> **REQUIREMENT**: How many lines in the records below hold the word "Stock"? Answer with the number alone.
---------- EXERCISE DATA
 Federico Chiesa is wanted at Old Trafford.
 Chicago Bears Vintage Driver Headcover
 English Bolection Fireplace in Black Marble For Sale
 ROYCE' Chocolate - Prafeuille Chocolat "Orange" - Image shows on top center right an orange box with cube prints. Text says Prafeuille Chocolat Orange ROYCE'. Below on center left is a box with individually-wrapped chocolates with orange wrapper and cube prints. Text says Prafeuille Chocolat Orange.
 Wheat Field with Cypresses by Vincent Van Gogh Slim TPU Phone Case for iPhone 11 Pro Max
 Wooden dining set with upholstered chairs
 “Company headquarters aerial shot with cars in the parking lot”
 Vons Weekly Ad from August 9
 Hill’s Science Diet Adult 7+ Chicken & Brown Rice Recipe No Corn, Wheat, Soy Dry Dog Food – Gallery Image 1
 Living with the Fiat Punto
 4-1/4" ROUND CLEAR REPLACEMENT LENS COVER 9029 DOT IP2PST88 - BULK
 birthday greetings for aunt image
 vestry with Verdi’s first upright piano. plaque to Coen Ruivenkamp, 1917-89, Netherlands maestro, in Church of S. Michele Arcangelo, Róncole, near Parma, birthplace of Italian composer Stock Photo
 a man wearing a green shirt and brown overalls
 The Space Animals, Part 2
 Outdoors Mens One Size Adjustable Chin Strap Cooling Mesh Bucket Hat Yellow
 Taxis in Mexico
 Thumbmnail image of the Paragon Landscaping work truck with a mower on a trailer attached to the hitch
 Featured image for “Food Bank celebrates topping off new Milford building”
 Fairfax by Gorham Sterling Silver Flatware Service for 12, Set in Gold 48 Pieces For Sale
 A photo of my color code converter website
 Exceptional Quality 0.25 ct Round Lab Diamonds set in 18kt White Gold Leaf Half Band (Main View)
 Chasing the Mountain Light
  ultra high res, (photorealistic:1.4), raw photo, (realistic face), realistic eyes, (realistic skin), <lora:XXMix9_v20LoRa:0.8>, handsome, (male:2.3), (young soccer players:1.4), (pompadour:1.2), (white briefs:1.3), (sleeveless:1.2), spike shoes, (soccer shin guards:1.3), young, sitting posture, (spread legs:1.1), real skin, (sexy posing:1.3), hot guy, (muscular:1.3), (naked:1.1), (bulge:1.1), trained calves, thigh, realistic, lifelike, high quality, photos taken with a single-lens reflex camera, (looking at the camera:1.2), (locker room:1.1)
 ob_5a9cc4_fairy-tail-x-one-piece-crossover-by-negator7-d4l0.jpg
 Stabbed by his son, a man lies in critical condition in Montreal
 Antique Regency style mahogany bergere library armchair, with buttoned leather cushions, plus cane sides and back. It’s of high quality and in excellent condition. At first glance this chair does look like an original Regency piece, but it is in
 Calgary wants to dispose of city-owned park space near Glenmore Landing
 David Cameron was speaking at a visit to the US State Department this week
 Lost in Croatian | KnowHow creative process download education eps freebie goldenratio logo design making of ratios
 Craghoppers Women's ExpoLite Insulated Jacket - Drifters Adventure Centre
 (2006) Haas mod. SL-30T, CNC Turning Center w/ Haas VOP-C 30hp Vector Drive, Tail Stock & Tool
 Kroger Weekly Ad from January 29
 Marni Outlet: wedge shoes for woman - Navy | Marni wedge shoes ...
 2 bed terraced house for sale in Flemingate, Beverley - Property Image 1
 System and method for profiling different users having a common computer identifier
--------------------
> **PROBLEM SOLUTION**: 2